_EXERCISE DESCRIPTION_
Below are the entries. Print only the lines starting at the one with "Buy Columbia Men" and ending at the one with "Mapa das regioes italianas", exactly, with no pictures.
Start of DATA SUPPLIED
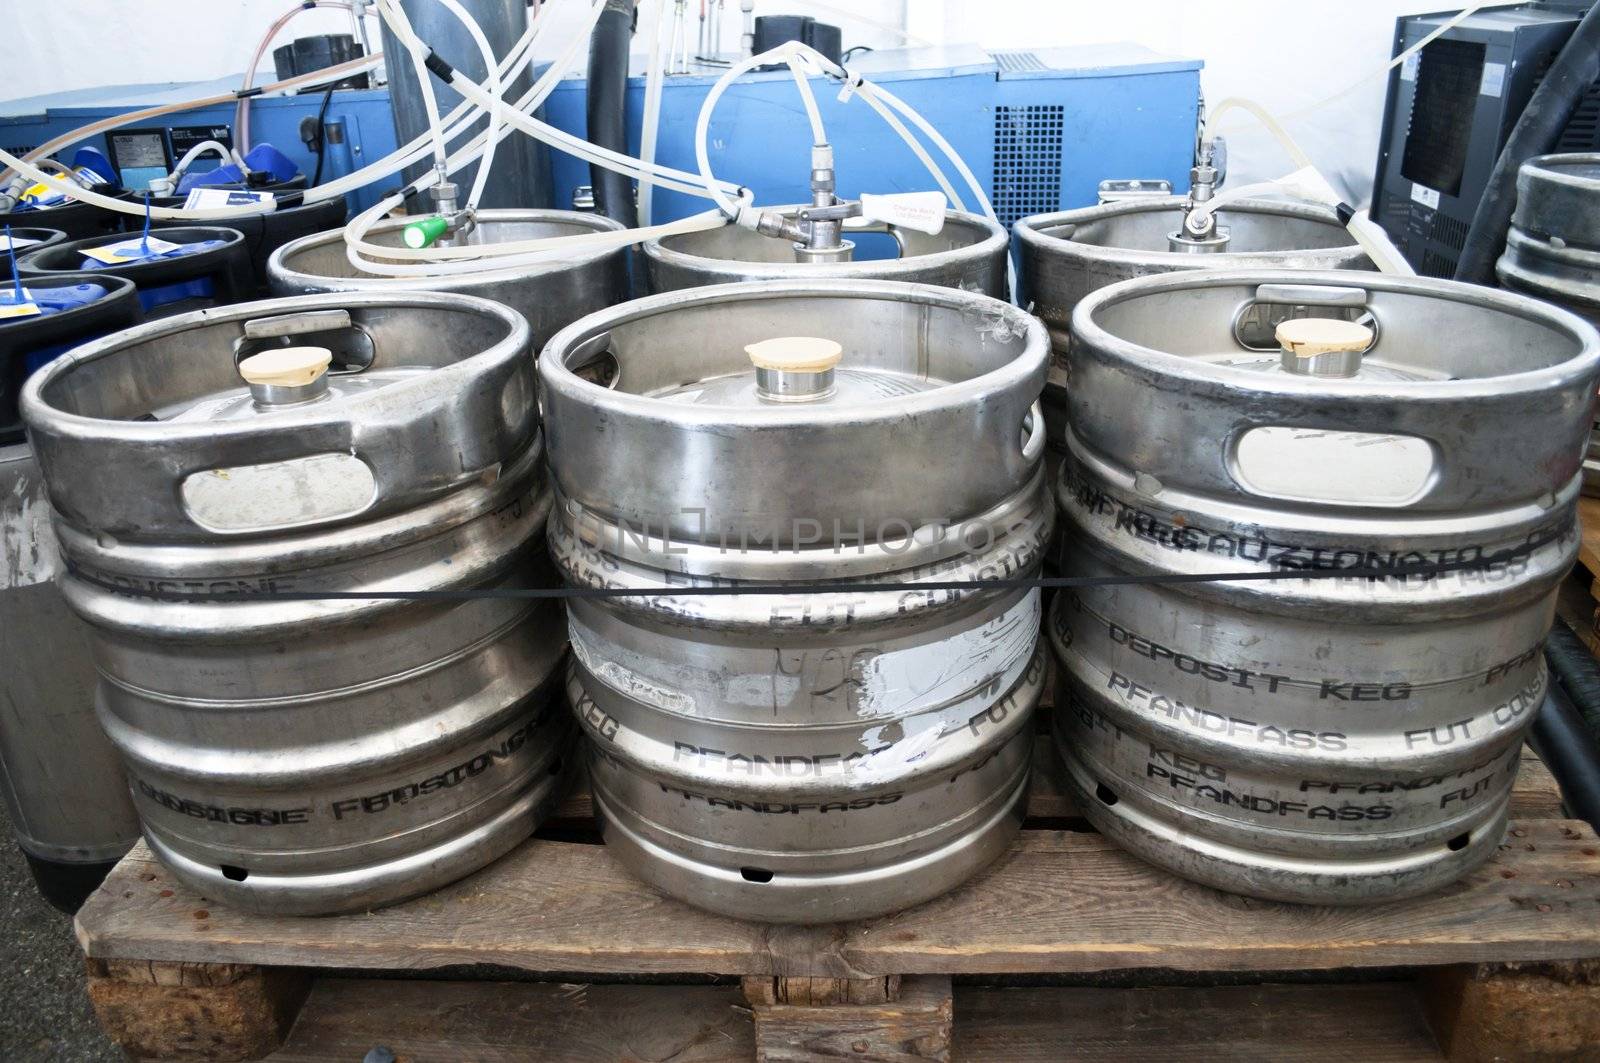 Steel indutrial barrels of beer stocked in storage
End of DATA SUPPLIED
Start of DATA SUPPLIED
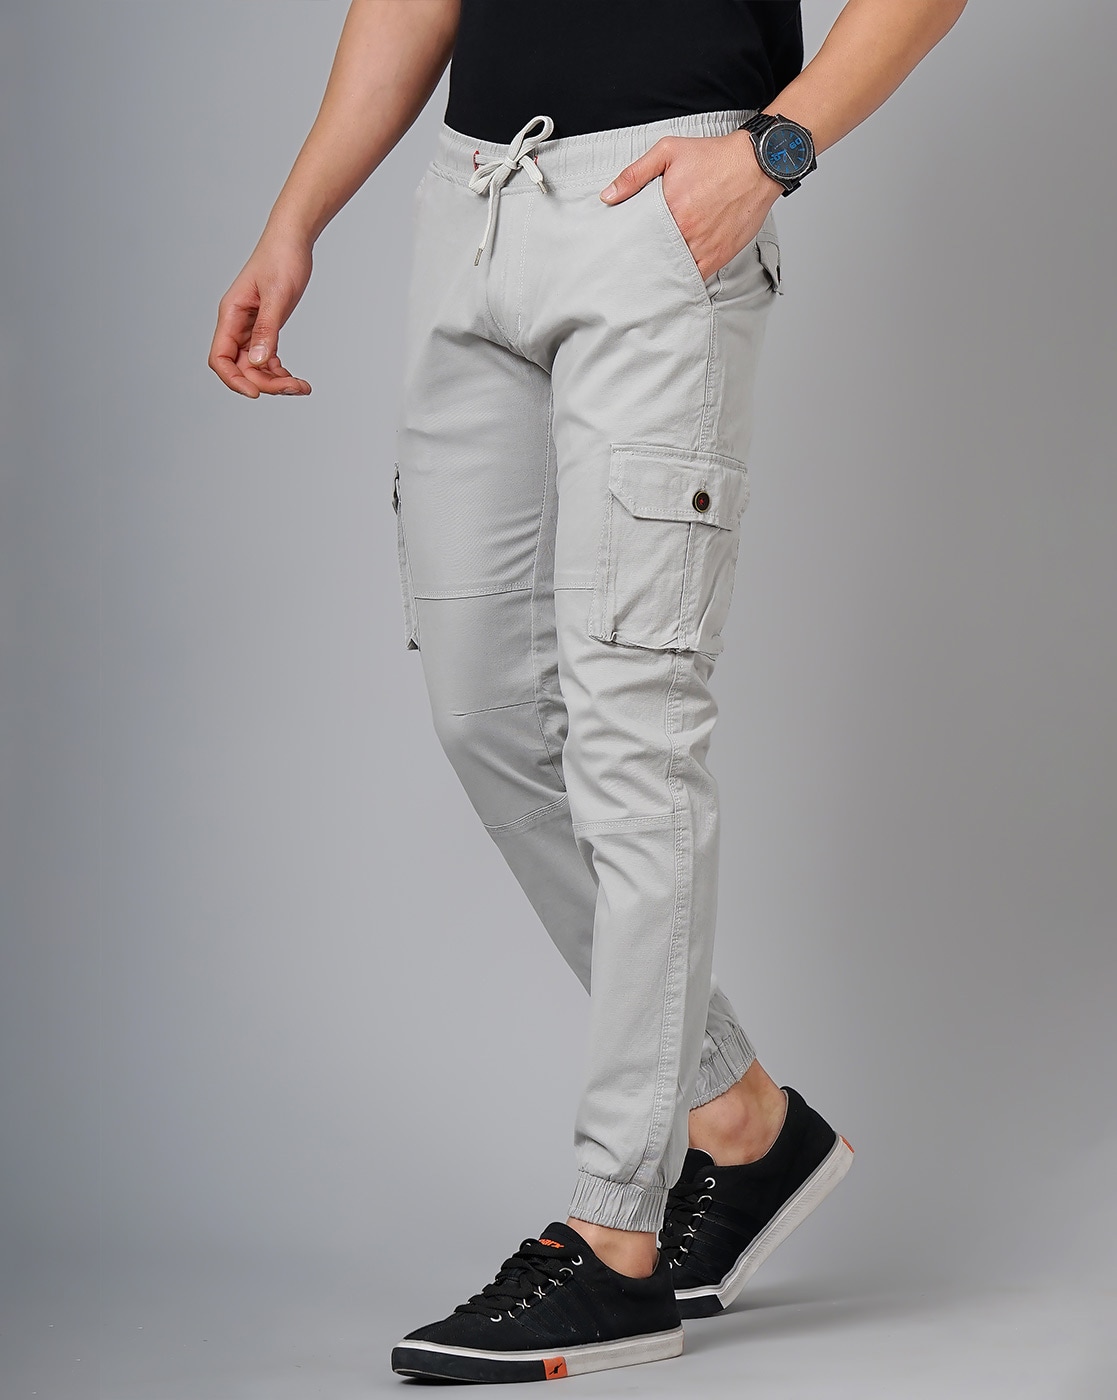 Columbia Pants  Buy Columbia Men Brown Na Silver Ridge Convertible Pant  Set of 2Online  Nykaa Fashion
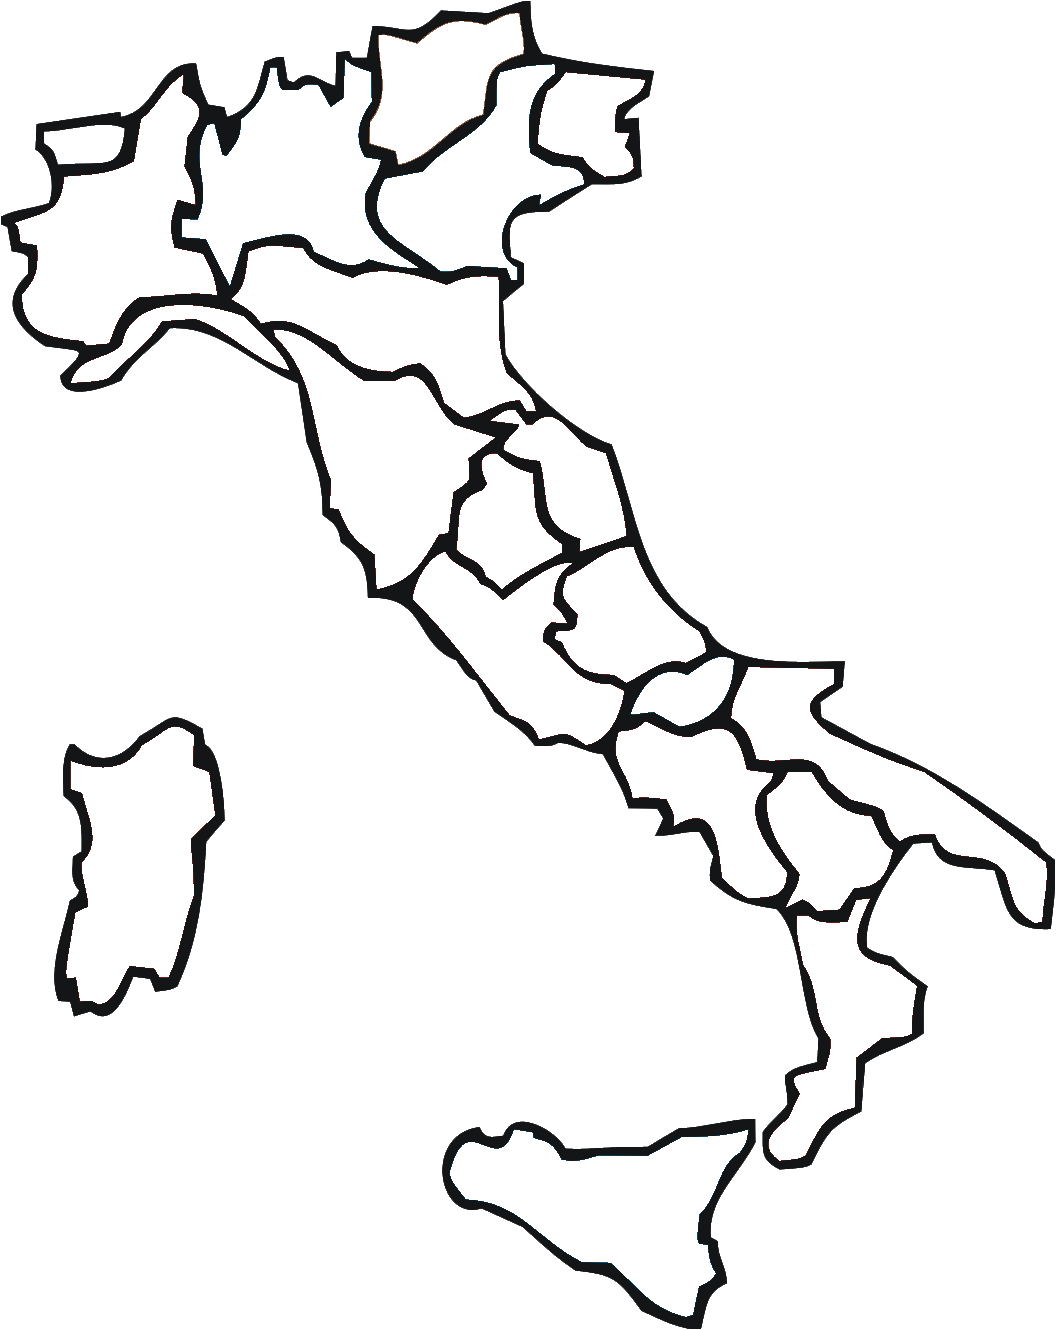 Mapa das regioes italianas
End of DATA SUPPLIED
_SOLUTION BELOW_
 Columbia Pants  Buy Columbia Men Brown Na Silver Ridge Convertible Pant  Set of 2Online  Nykaa Fashion
 Mapa das regioes italianas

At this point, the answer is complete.